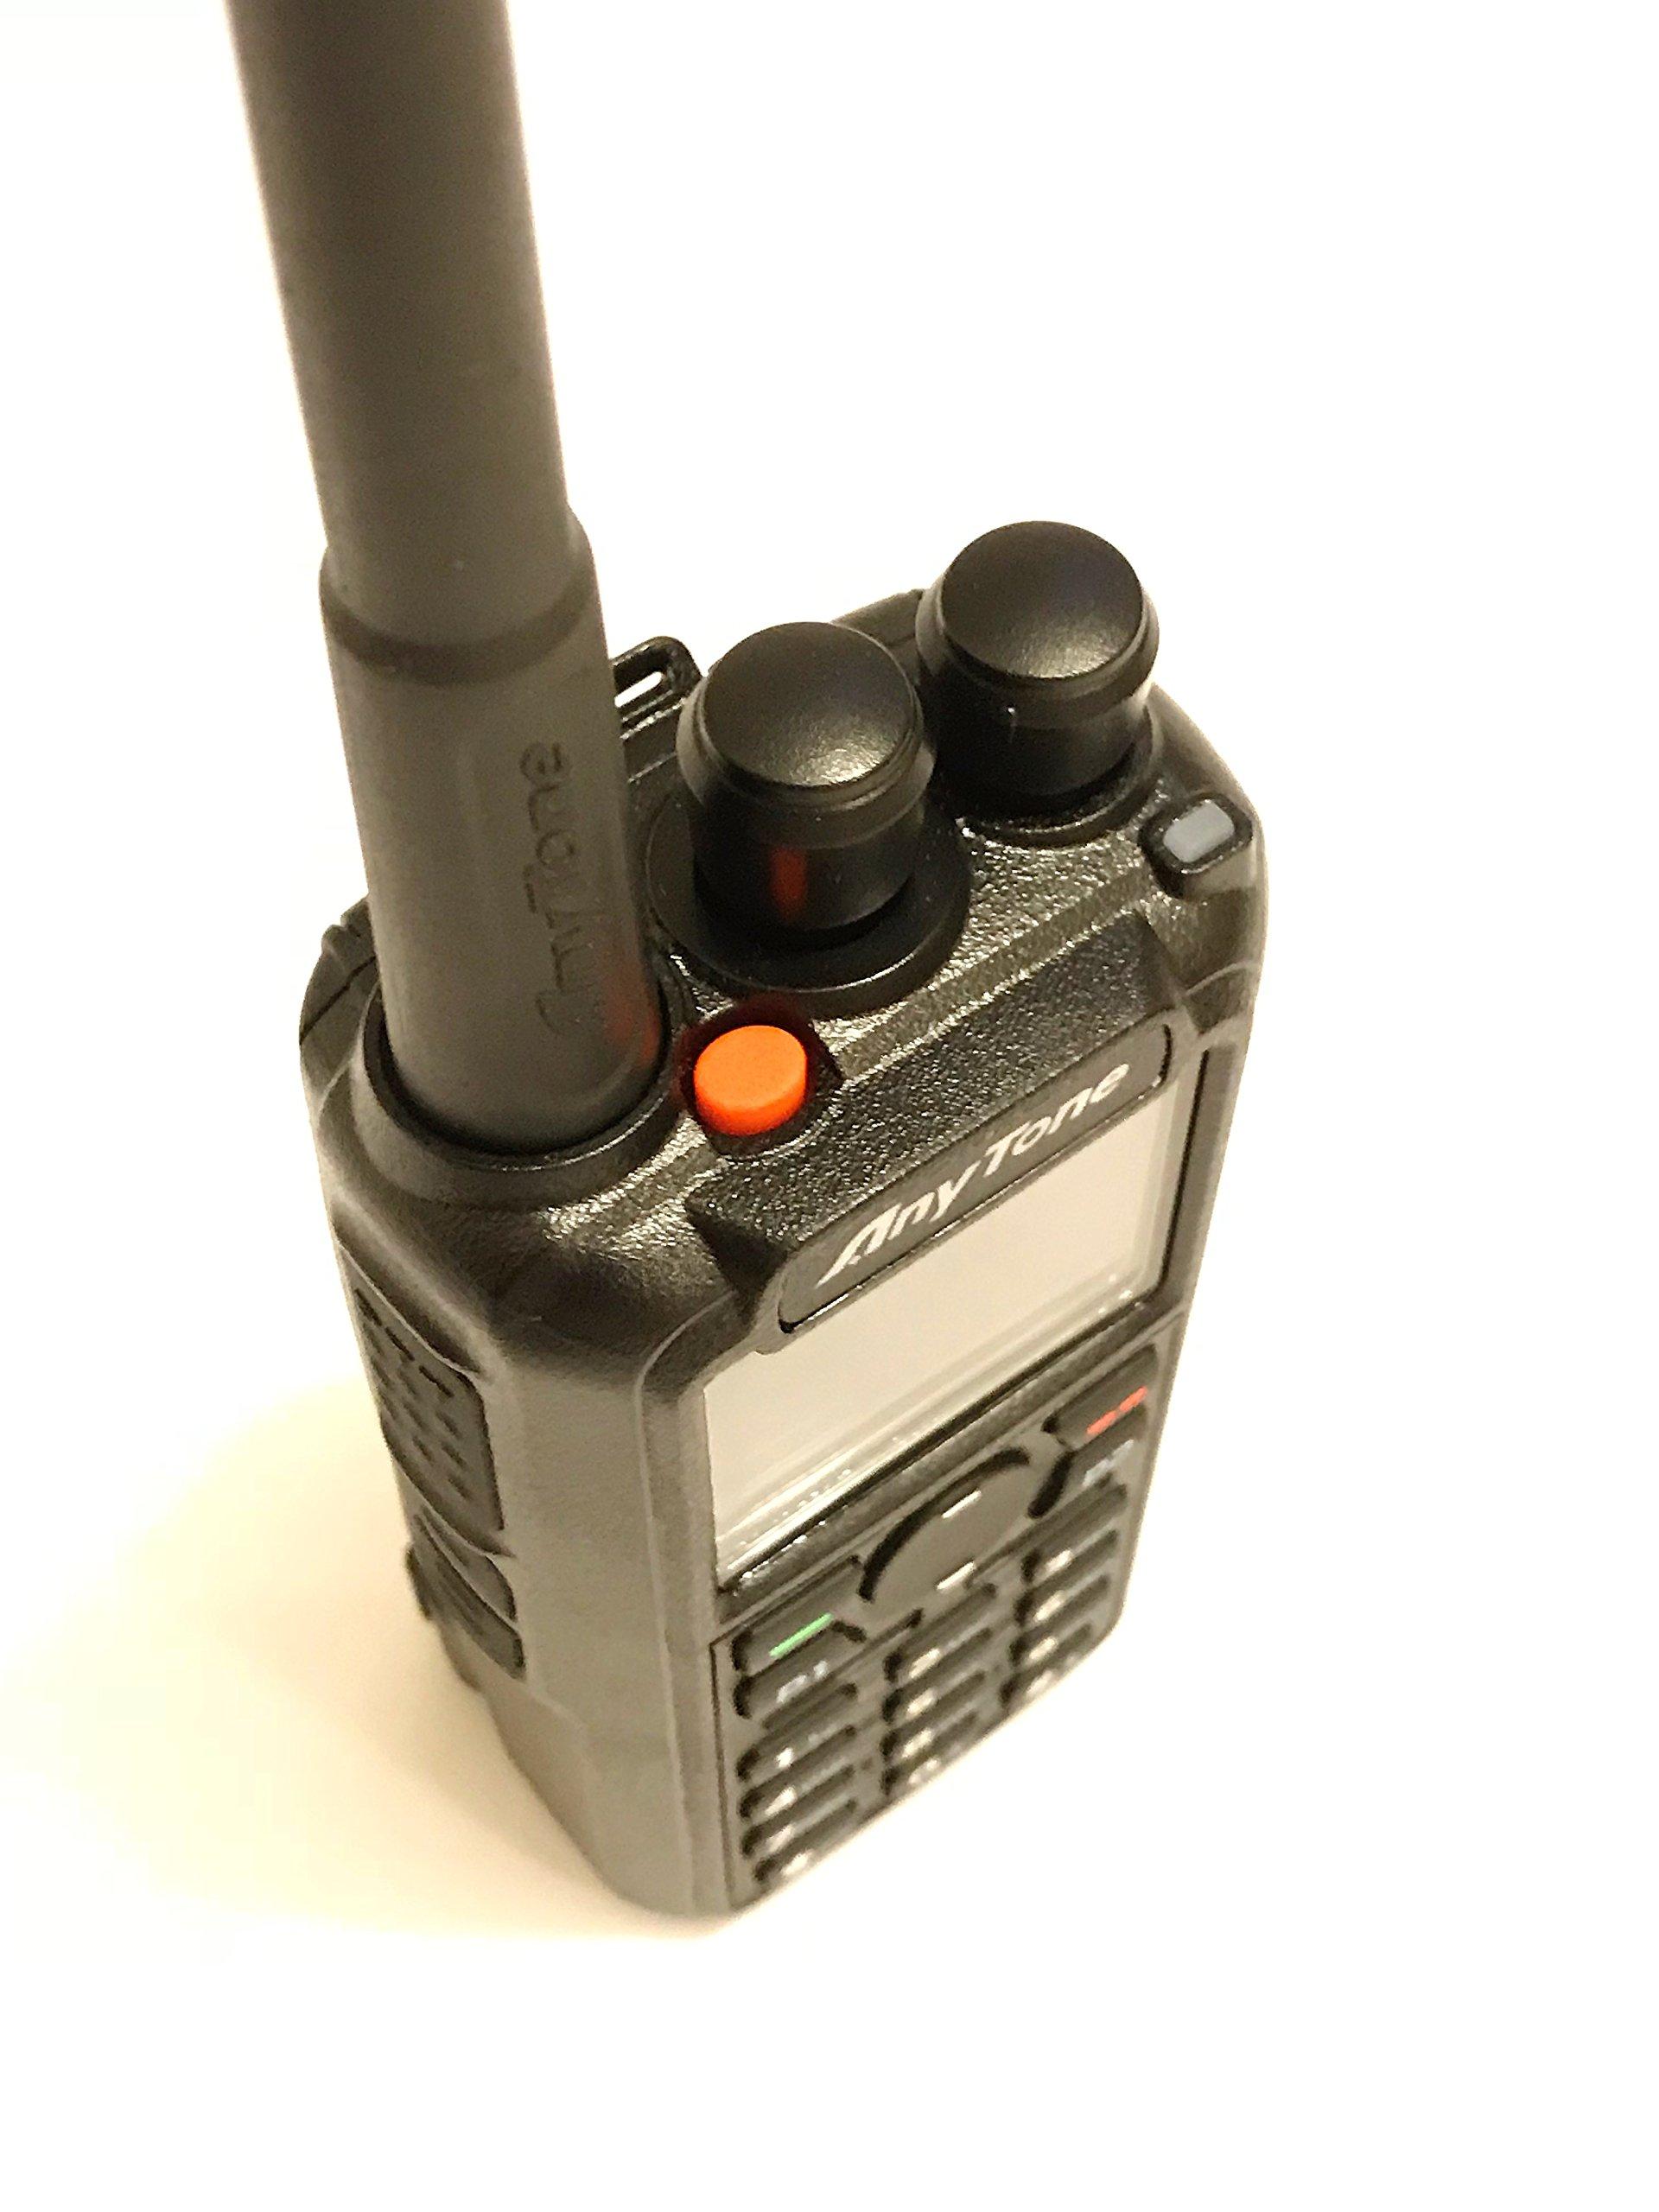 AnyTone AT-D868UV GPS Version II Upgraded 3100mAh battery Dual Band DMR/Analog 144 & 430 MHz Radio US Seller by AnyTone (Image #7)
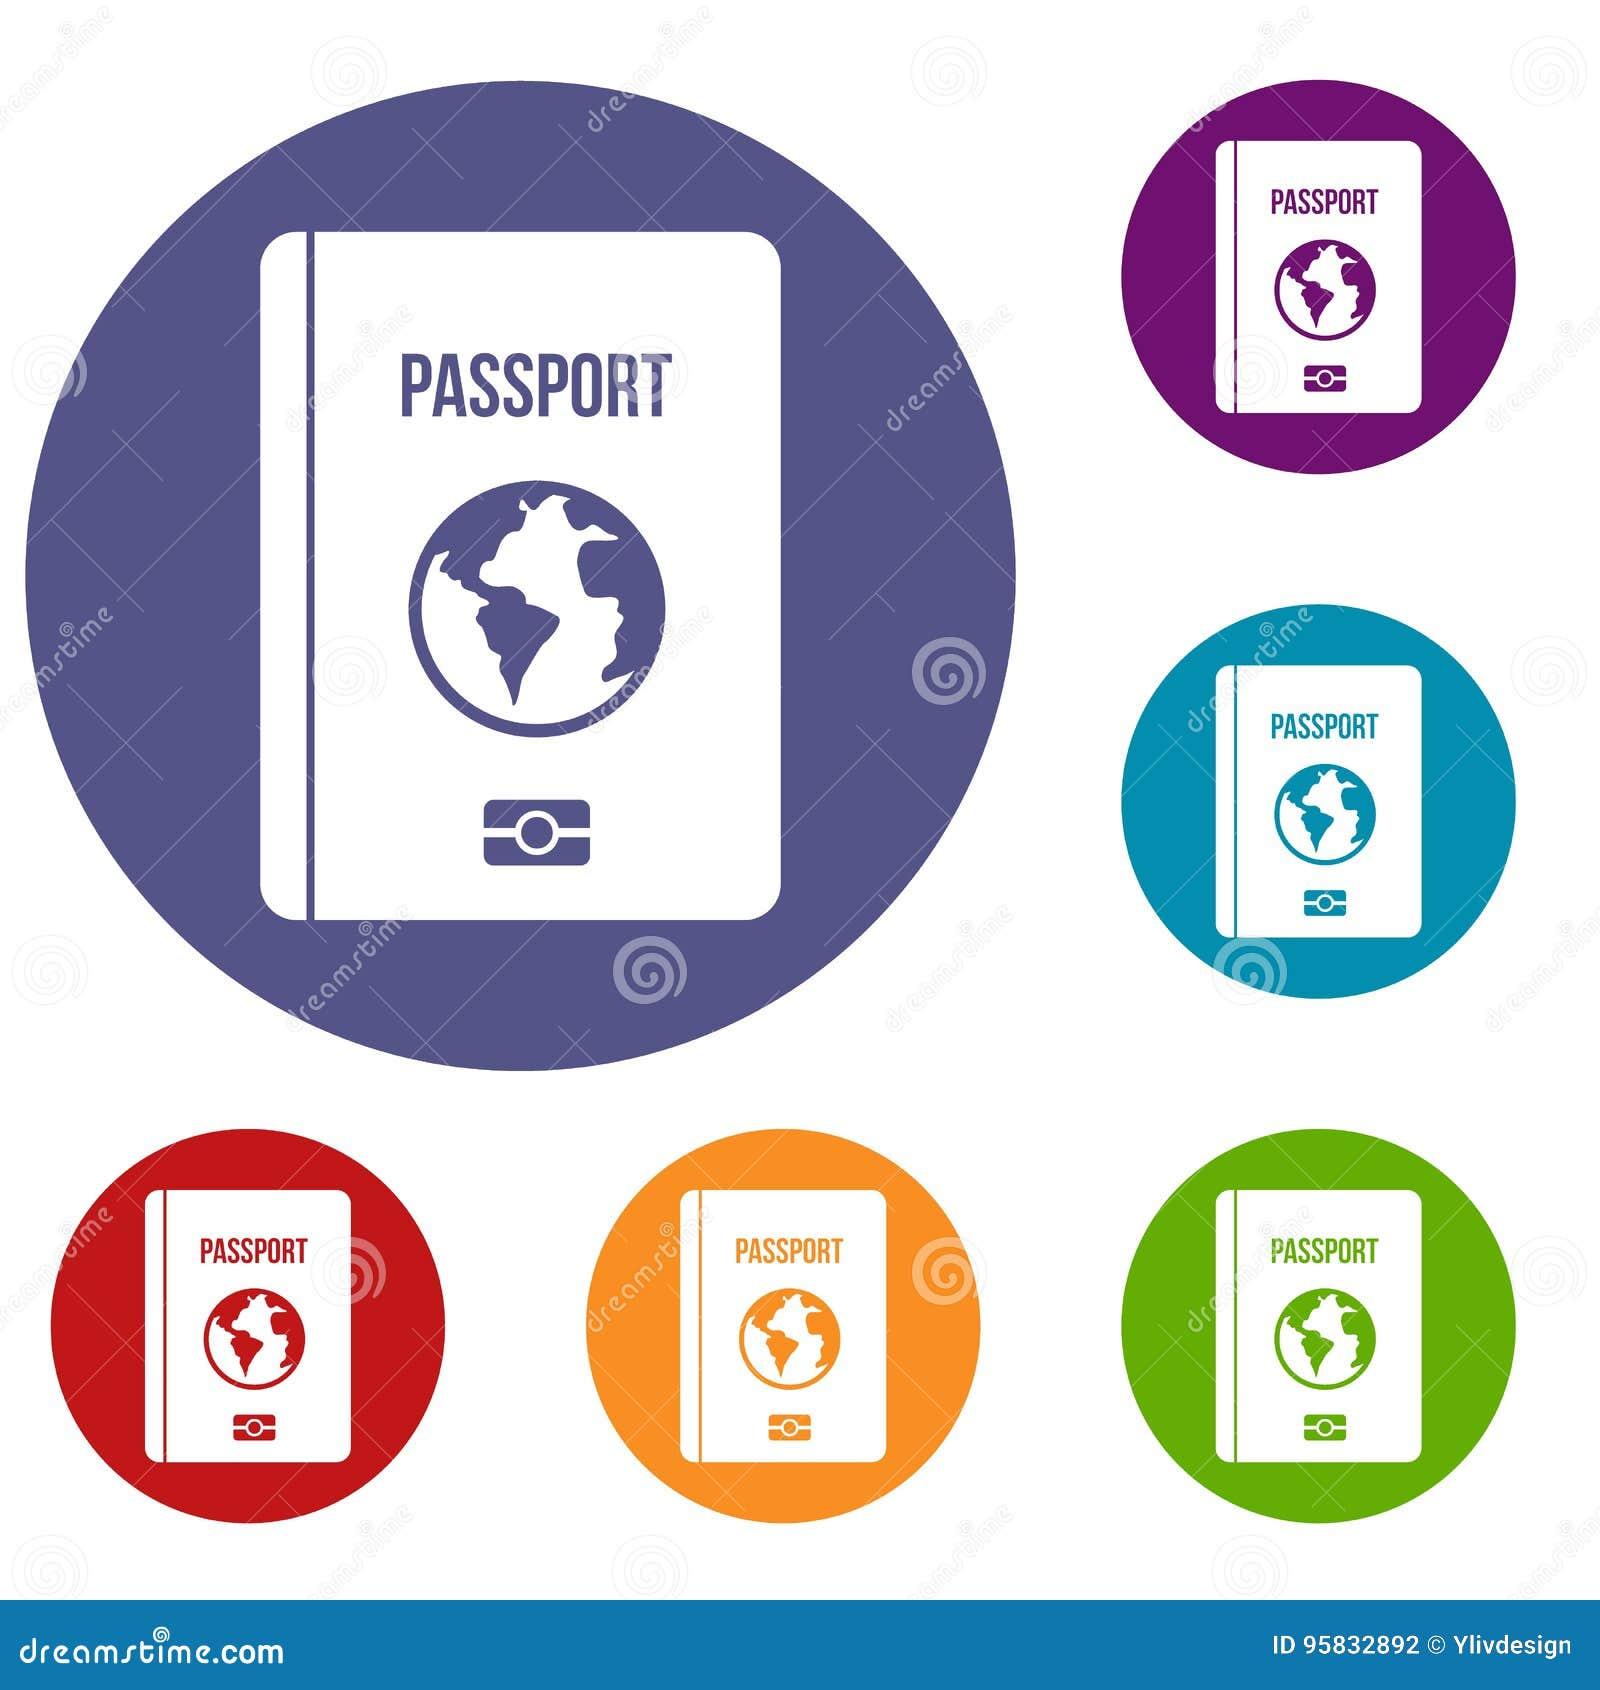 Passport icons set
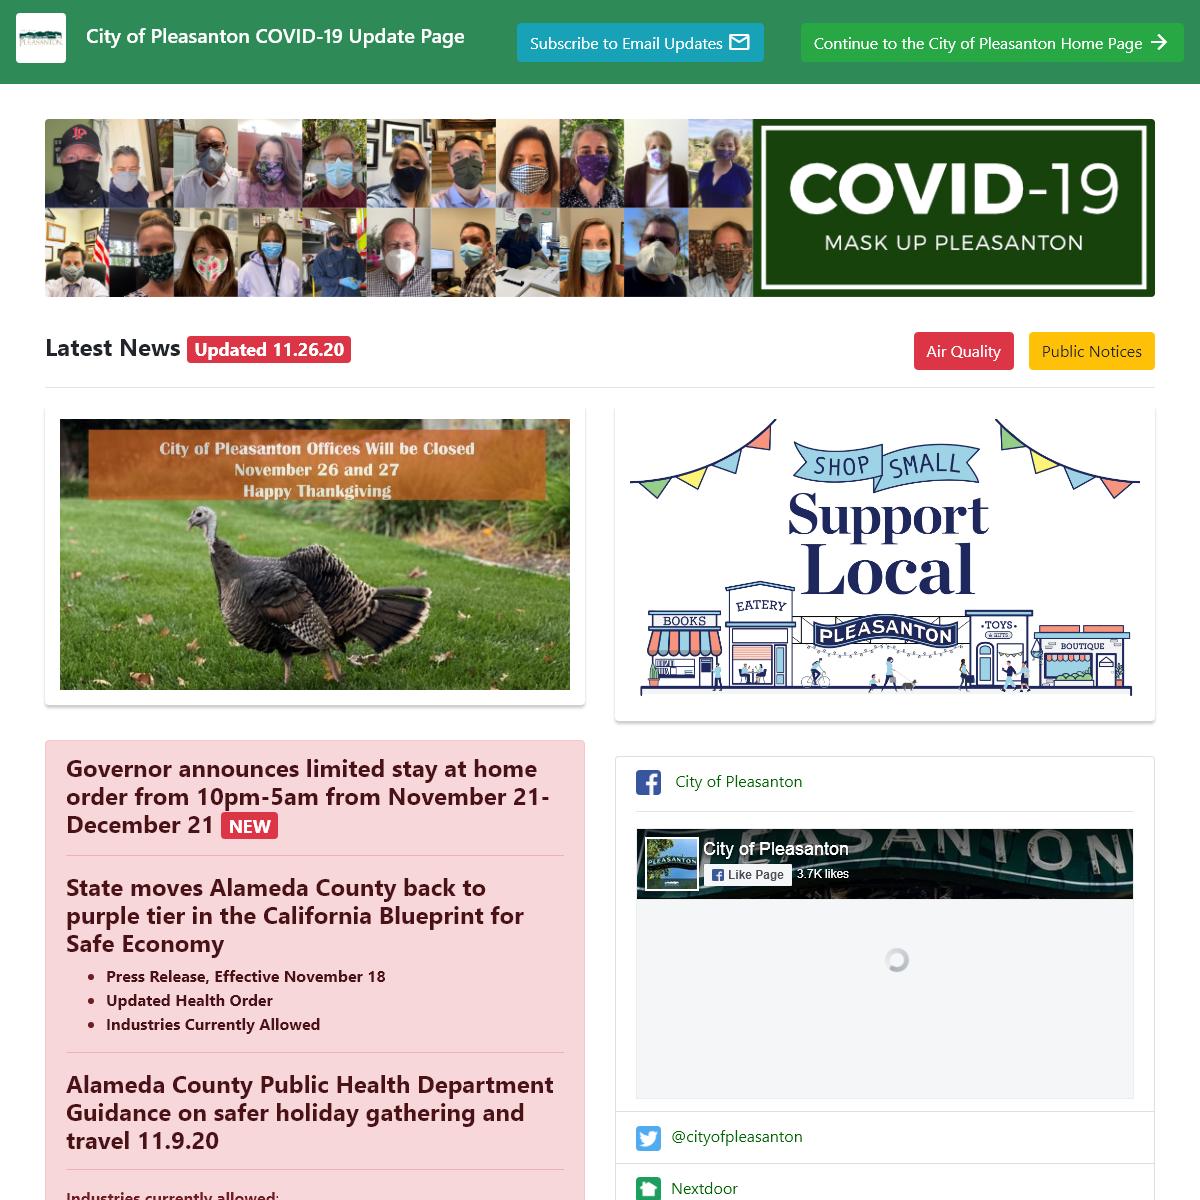 City of Pleasanton COVID-19 Updates
§ §
* _BRIEF_
Each line above is to be copied verbatim. Drop any image from the copy.

* _EXPECTED ANSWER_
 AnyTone AT-D868UV GPS Version II Upgraded 3100mAh battery Dual Band DMR/Analog 144 & 430 MHz Radio US Seller by AnyTone (Image #7)
 Passport icons set
 City of Pleasanton COVID-19 Updates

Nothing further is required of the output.